Stenotrophomonas maltophilia PM102trichloroethylene (TCE)preadsorbed antibodyMALDI-TOF-MS

Introduction

The health effects of Trichloroethylene are a complete adversary to its sweet odour and taste (Gist & Burg1995). TCE arrived on the scene as an anaesthetic, but lost its medical pedigree in the 1970s when it was discovered inhaling TCE was toxic. TCE was also used in extracting caffeine from coffee beans but lost its position in the coffee industry after research uncovered its true identity as a carcinogen (Brüning et al.1997). In homes, TCE may be found in typewriter correction fluid, paint, spot removers, carpet-cleaning fluids, metal cleaners, and varnishes. TCE is widely used in the industry as an organic solvent that can cut through grease, wax, gunk, and even silicones. Most TCE in air comes from metal degreasing activities associated with tool and automobile production. TCE enters ground water and surface water from industrial discharges or from improper disposal of industrial wastes at landfills resulting in contamination of drinking water supplies (Fan1988;Bove et al.1995). Therefore, extensive efforts have been made to document the biodegradation of TCE by bacteria. Although many microbes have been reported to cometabolise TCE in presence of primary carbon sources like methane (Shigematsu et al.1999), ammonia (Arciero et al.1989), propane (Wackett et al.1989), etc.; we were the first to report TCE degradation activity in a Stenotrophomonas sp. (PM 102 isolate) that grows on TCE as the sole carbon source (Mukherjee & Roy2012).
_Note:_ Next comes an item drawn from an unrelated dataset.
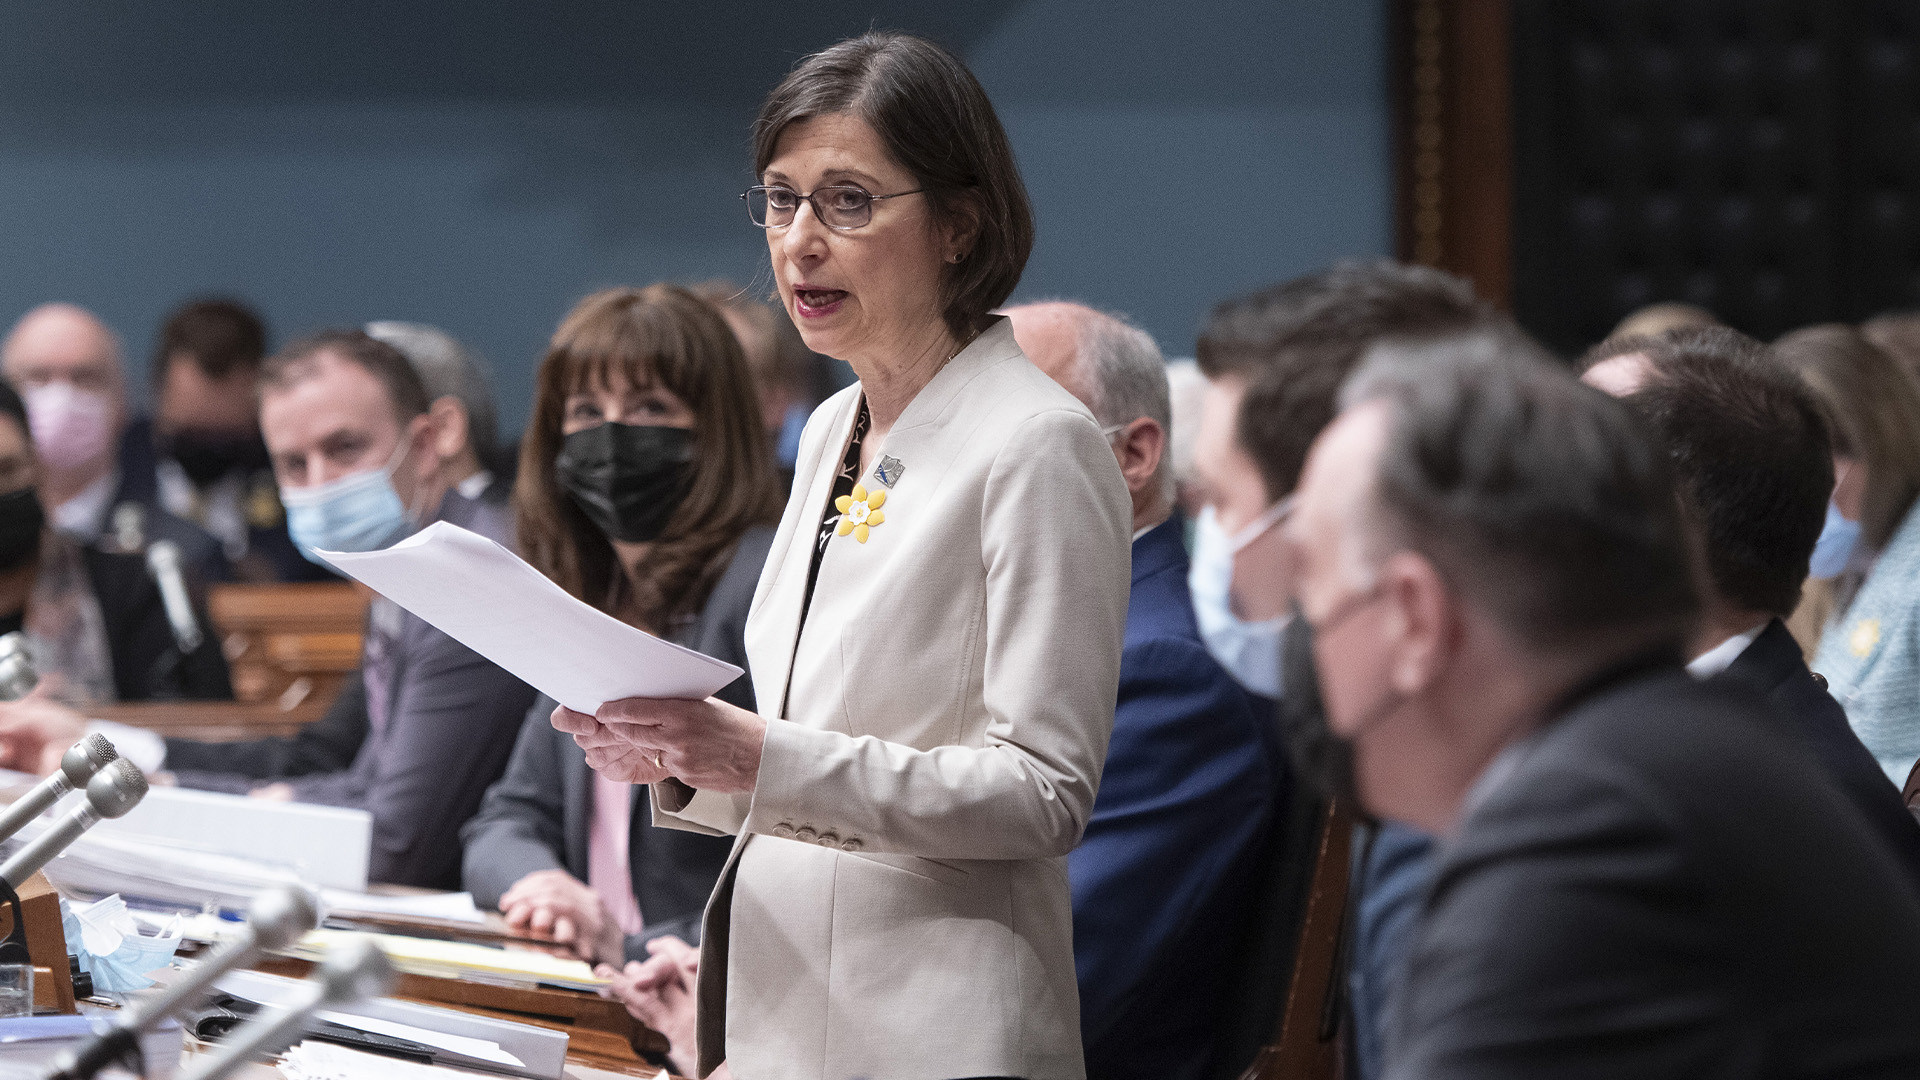 La ministre de l'Enseignement supérieur du Québec, Danielle McCann, dépose un projet de loi le mercredi 6 avril 2022 à l'Assemblée législative de Québec.
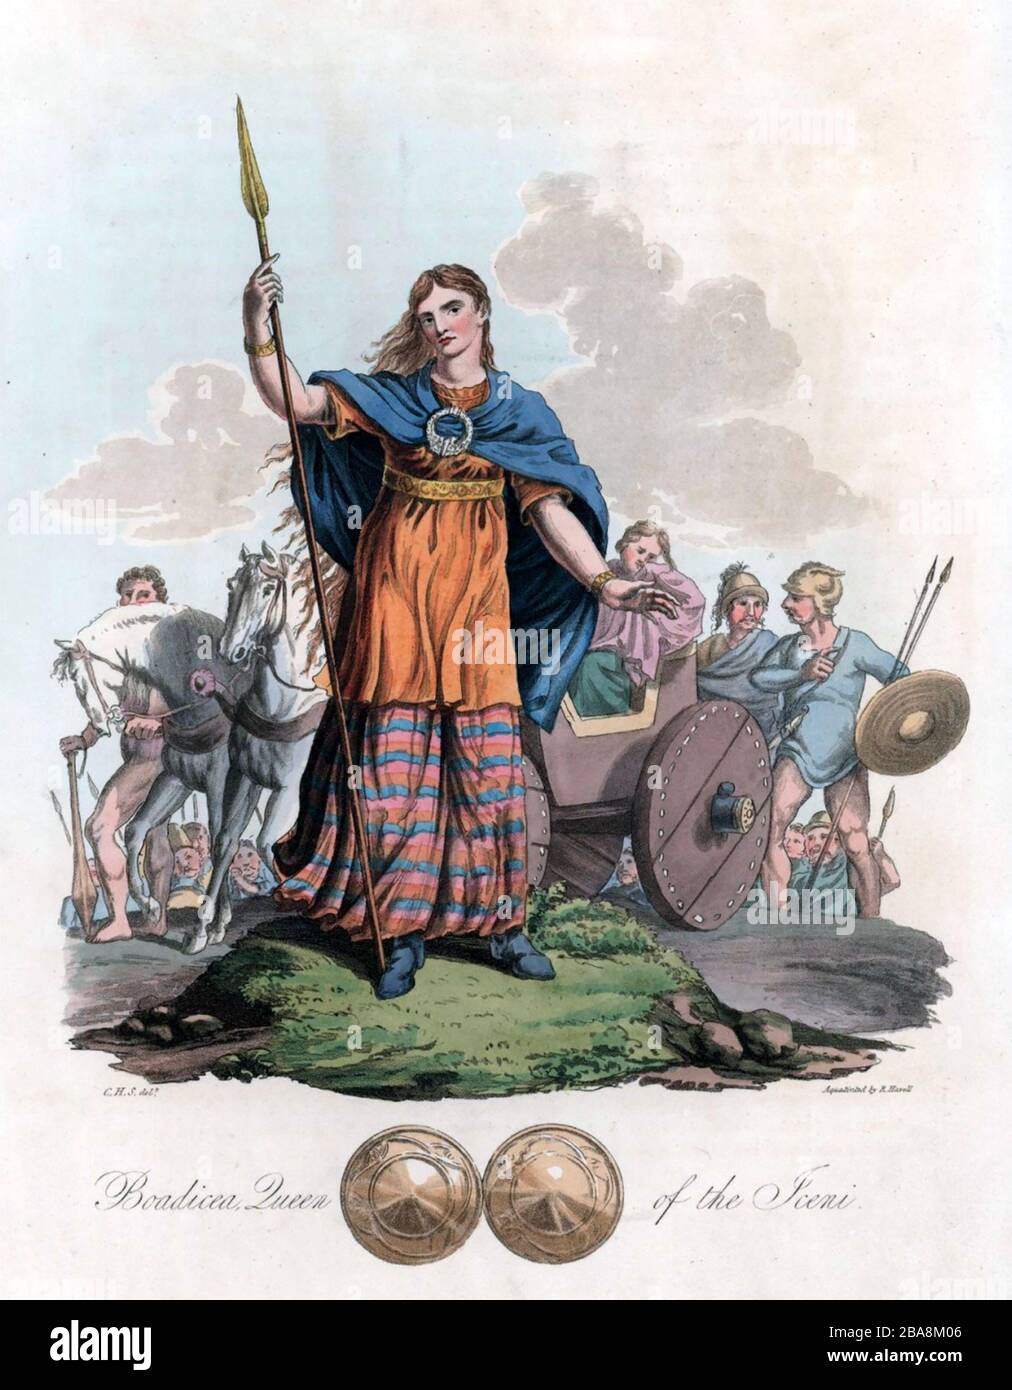 BOUDICA Königin des keltischen Iceni-Stammes, der einen Aufstand gegen die römische Besetzung eines Teils Englands um 60 n. Chr. anführte. Gravur aus "der Tracht der ursprünglichen Einwohner der britischen Inseln", die im Jahr 1815 veröffentlicht wurde. Stockfoto

Studies involving identification of the proteins employed by the PM102 strain in the degradation of TCE necessitated the extraction of these proteins in a highly purified form. Immunoaffinity chromatography is one of the most powerful fractionation steps available for protein purification. Purification techniques based on the binding affinity of antigens to specific antibody have rapidly evolved using a variety of biological and synthetic ligands (Hamman & Calton1985). The principle of protein identification using peptide mass fingerprinting (PMF) is based on the comparison of a set of experimental peptide masses obtained by trypsin digestion, with a database containing in silico digested peptide masses of known proteins (Thiede et al.2005;Pappin et al.1993). If the unknown protein is present in the database, match to the correct entry is obtained but if the database does not contain the unknown protein, database entries which provide closest match to equivalent proteins are chosen. Additionally, tryptic peptides can also be subjected to tandem mass spectrometry (MS/MS) where selected peptides can be further fragmented to produce a ladder of peptides for amino acid sequencing to allow high-throughput identification or confirmation of the PMF-based identification. Till date no information is available at the molecular level on proteomic compositions of bacteria capable of growth on TCE as the sole carbon source. Thus we employed immunoproteomics technology to purify and identify the TCE induced proteins from the PM102 isolate that utilizes TCE as the primary carbon source.

Materials and methods

Strain and growth conditions

Stenotrophomonas maltophilia PM102 was isolated from soil samples obtained from Asansol and Dhanbad industrial belt and identified by 16S rDNA sequencing (GenBank Acc no. JQ797560) in our laboratory. Novel TCE degradation genes were also isolated from the PM102 isolate and cloned in natural soil bacteria (Mukherjee & Roy2013). The isolate was grown in minimal medium with 0.2% TCE, pH 6 for protein extraction and purification experiments. The minimal medium composition was (g/l): KH2PO4: 3; Na2HPO4: 6; NaCl: 0.5; NH4Cl: 1; MgSO4.7H2O: 0.5; CaCl2: 0.05.

Fujiwara test to confirm TCE degradation by PM102 isolate

In the Fujiwara assay, polychlorinated hydrocarbons, in presence of alkali and pyridine gives a red coloured compound (Moss & Rylance1966).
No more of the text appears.